España afronta uno de los episodios de incendios más graves de los últimos años en el centro peninsular. Los grandes fuegos declarados en la Comunidad de Madrid, Castilla y León y Castilla-La Mancha han obligado al Gobierno a declarar la emergencia de interés nacional en la Comunidad de Madrid y en la provincia de Ávila, mientras el Ejecutivo ha solicitado la activación del Mecanismo Europeo de Protección Civil para reforzar los medios de extinción. Grecia ya ha respondido ofreciendo dos aviones anfibios Canadair CL-415.

La situación continúa siendo extremadamente complicada.
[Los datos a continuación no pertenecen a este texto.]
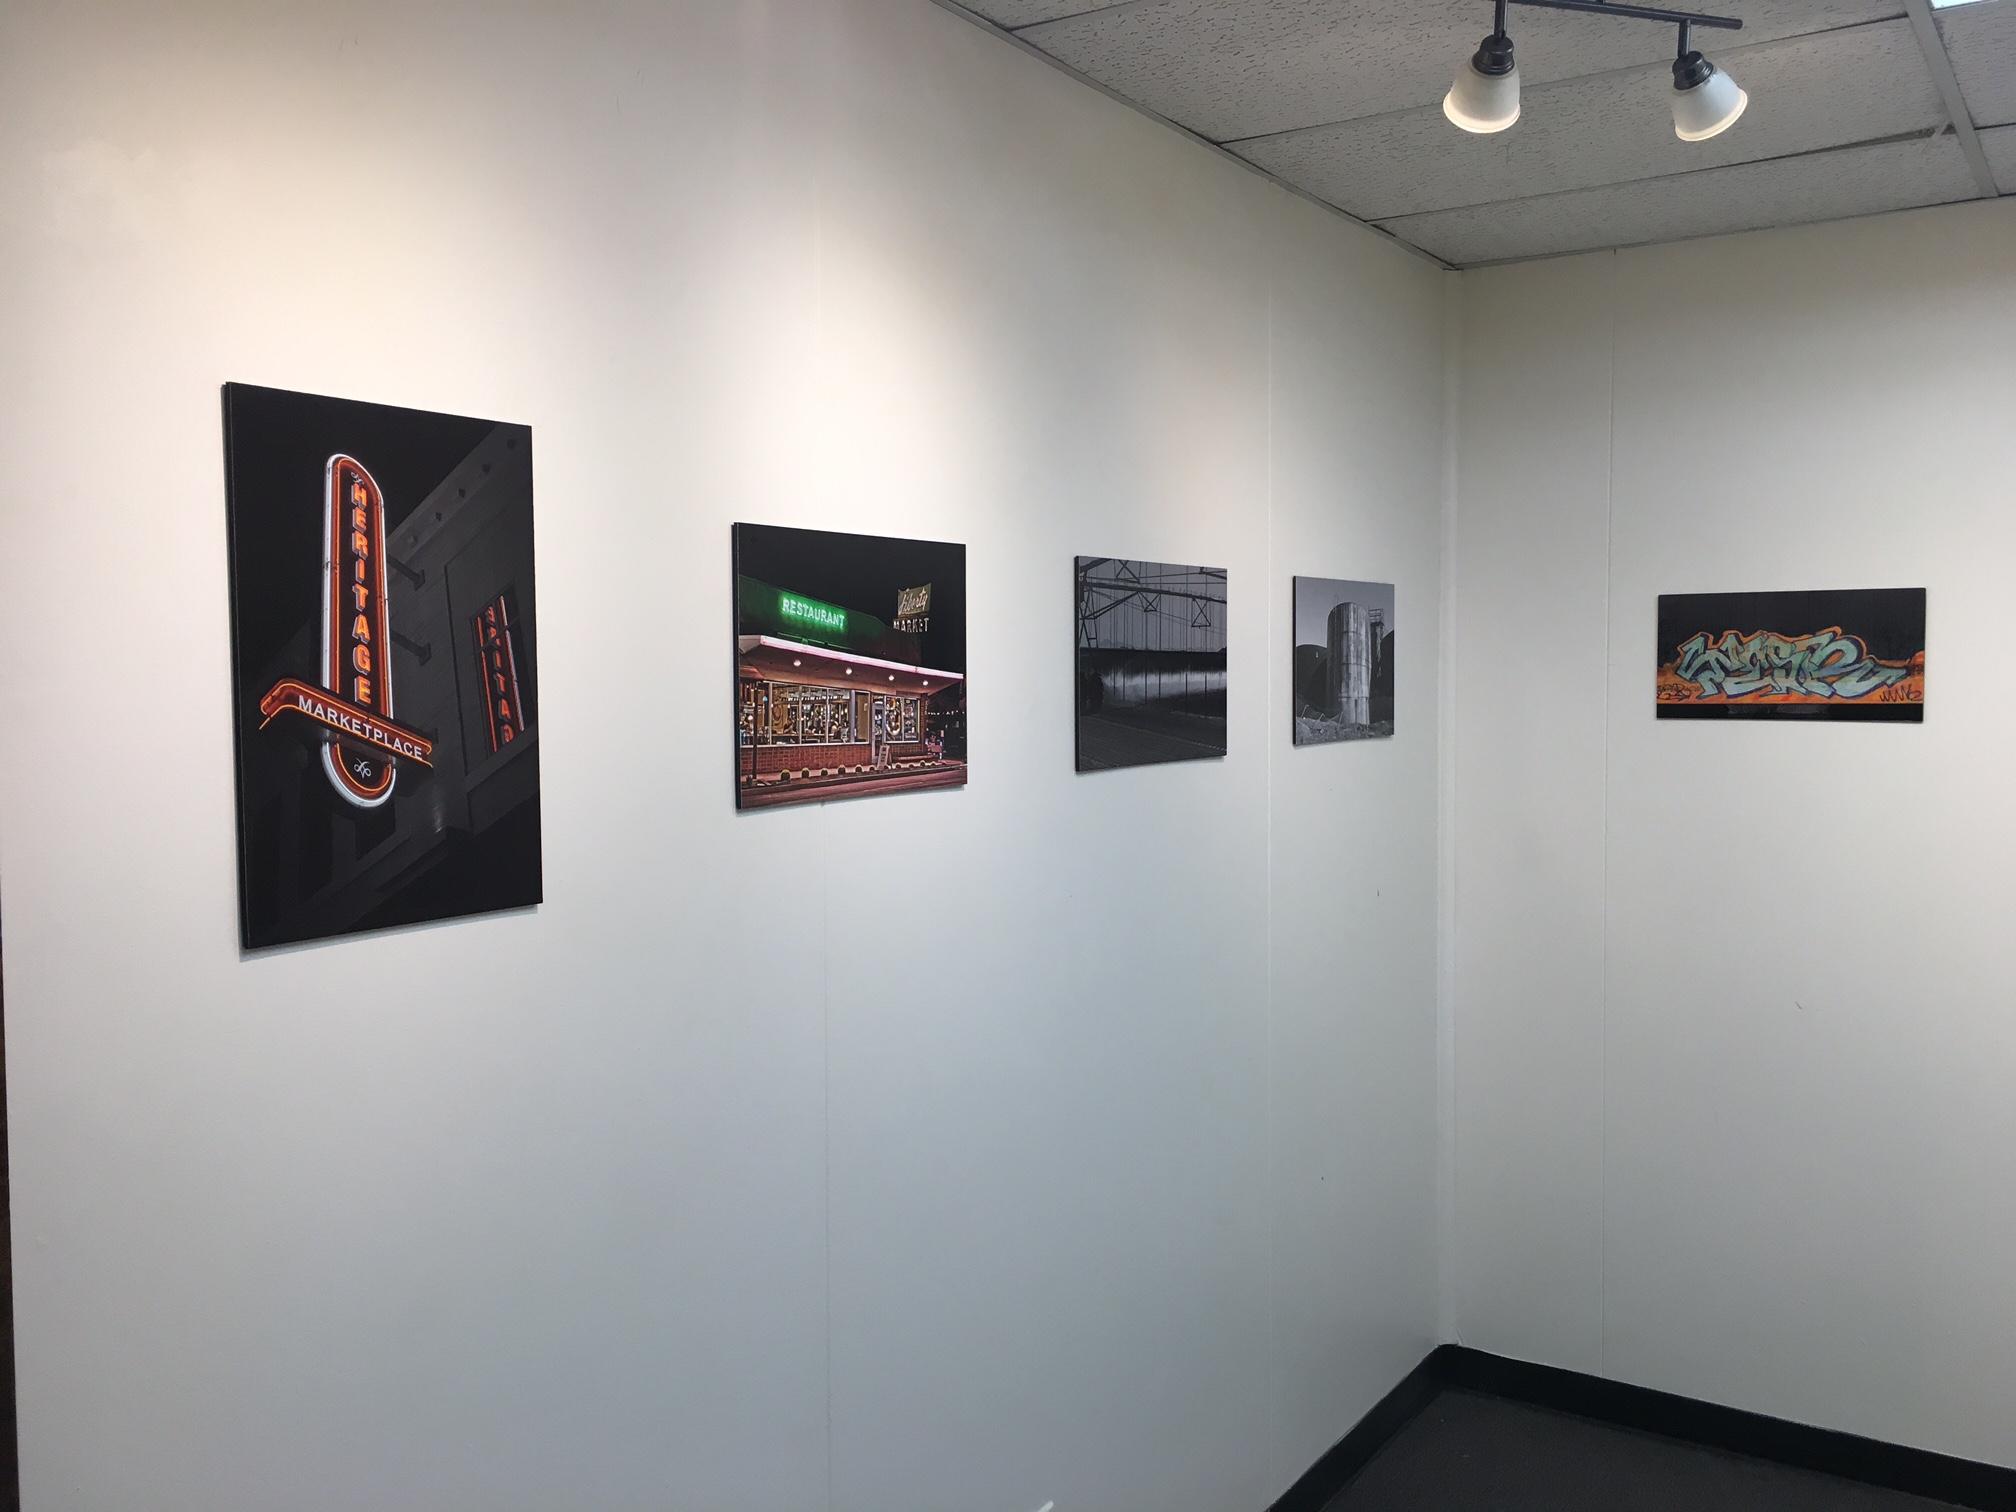 Nicholas Johnson, Installation image, 1-16-16.JPG

Aunque el trabajo realizado durante la noche permitió contener parcialmente el avance de las llamas en algunos frentes, fuentes de la Delegación del Gobierno consultadas por Medicina Responsable señalan que los incendios permanecen descontrolados y advierten de que la previsión de viento para las próximas horas puede complicar de nuevo las labores de extinción. Desde el Puesto de Mando Avanzado de Cenicientos, que coordina la respuesta frente a los incendios que afectan a la Comunidad de Madrid y Castilla-La Mancha, las mismas fuentes reconocen que "la noche ha sido buena", pero insisten en que la evolución dependerá en gran medida del comportamiento del viento durante la jornada.
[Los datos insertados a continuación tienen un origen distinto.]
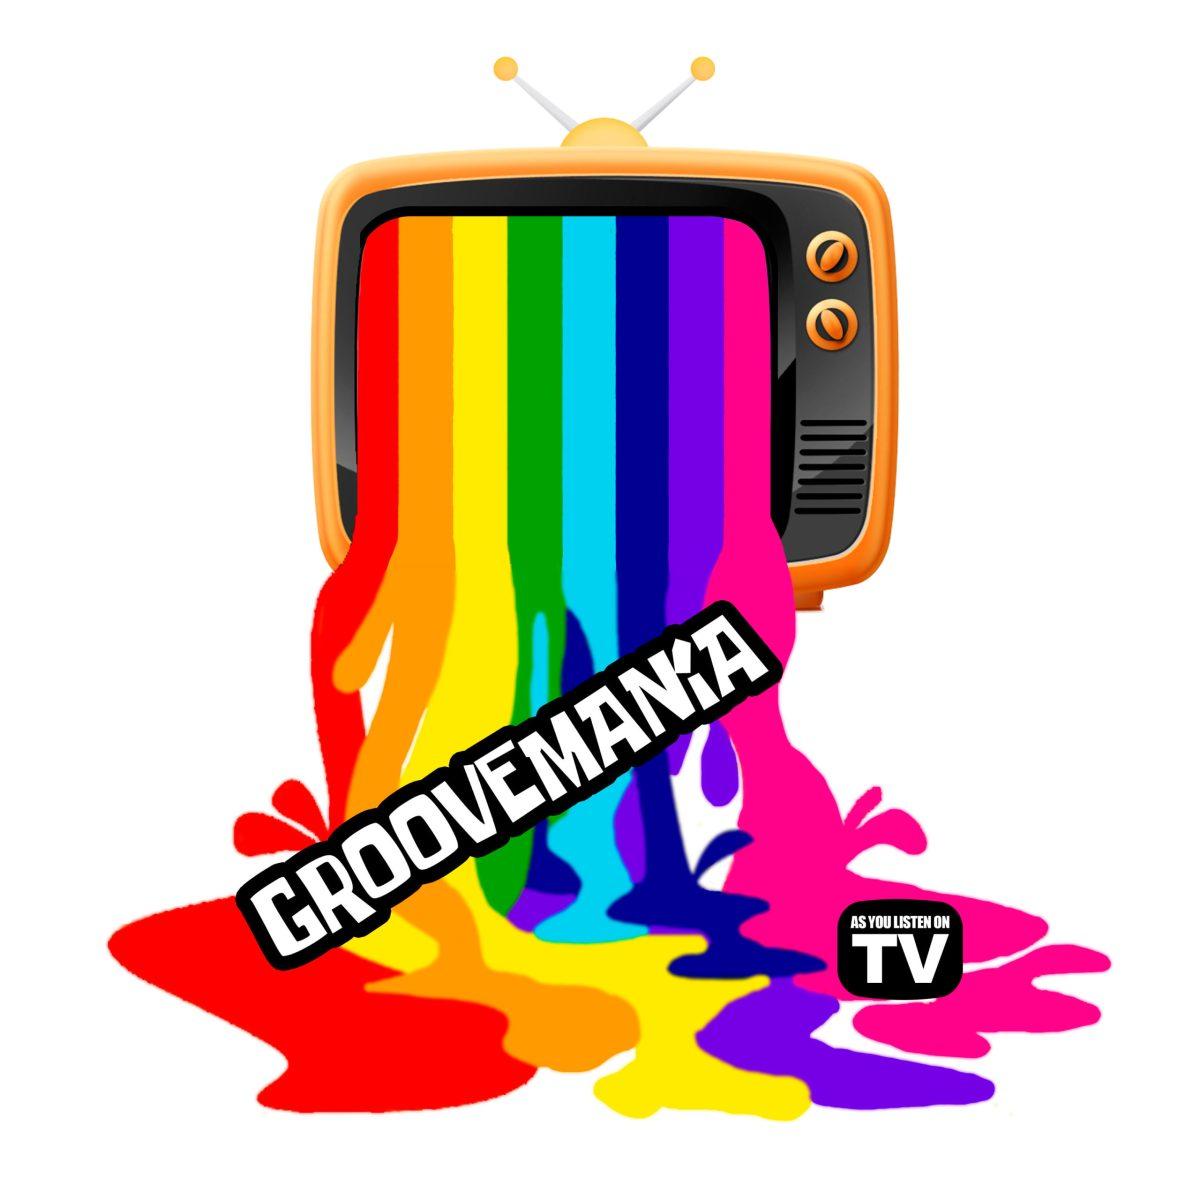 Groovemania

Los incendios de Villa del Prado y San Martín de Valdeiglesias (Madrid), junto al de Burgohondo (Ávila), permanecen sin controlar con varios frentes activos, miles de hectáreas afectadas y más de 11.000 personas evacuadas. Según recoge la orden publicada este viernes en el Boletín Oficial del Estado (BOE), la rápida propagación de las llamas, la afección a zonas habitadas, el riesgo para la población y la necesidad de coordinar recursos de distintas administraciones justifican la declaración del nivel máximo de emergencia. Se trata, además, de la segunda declaración de emergencia de interés nacional en España, tras la decretada con motivo del apagón eléctrico de abril de 2025, lo que implica que es el ministro del Interior, Fernando Grande-Marlaska, quien asume la dirección de la emergencia y la coordinación de todas las actuaciones, así como la gestión de los recursos estatales, autonómicos y locales desplegados en las zonas afectadas.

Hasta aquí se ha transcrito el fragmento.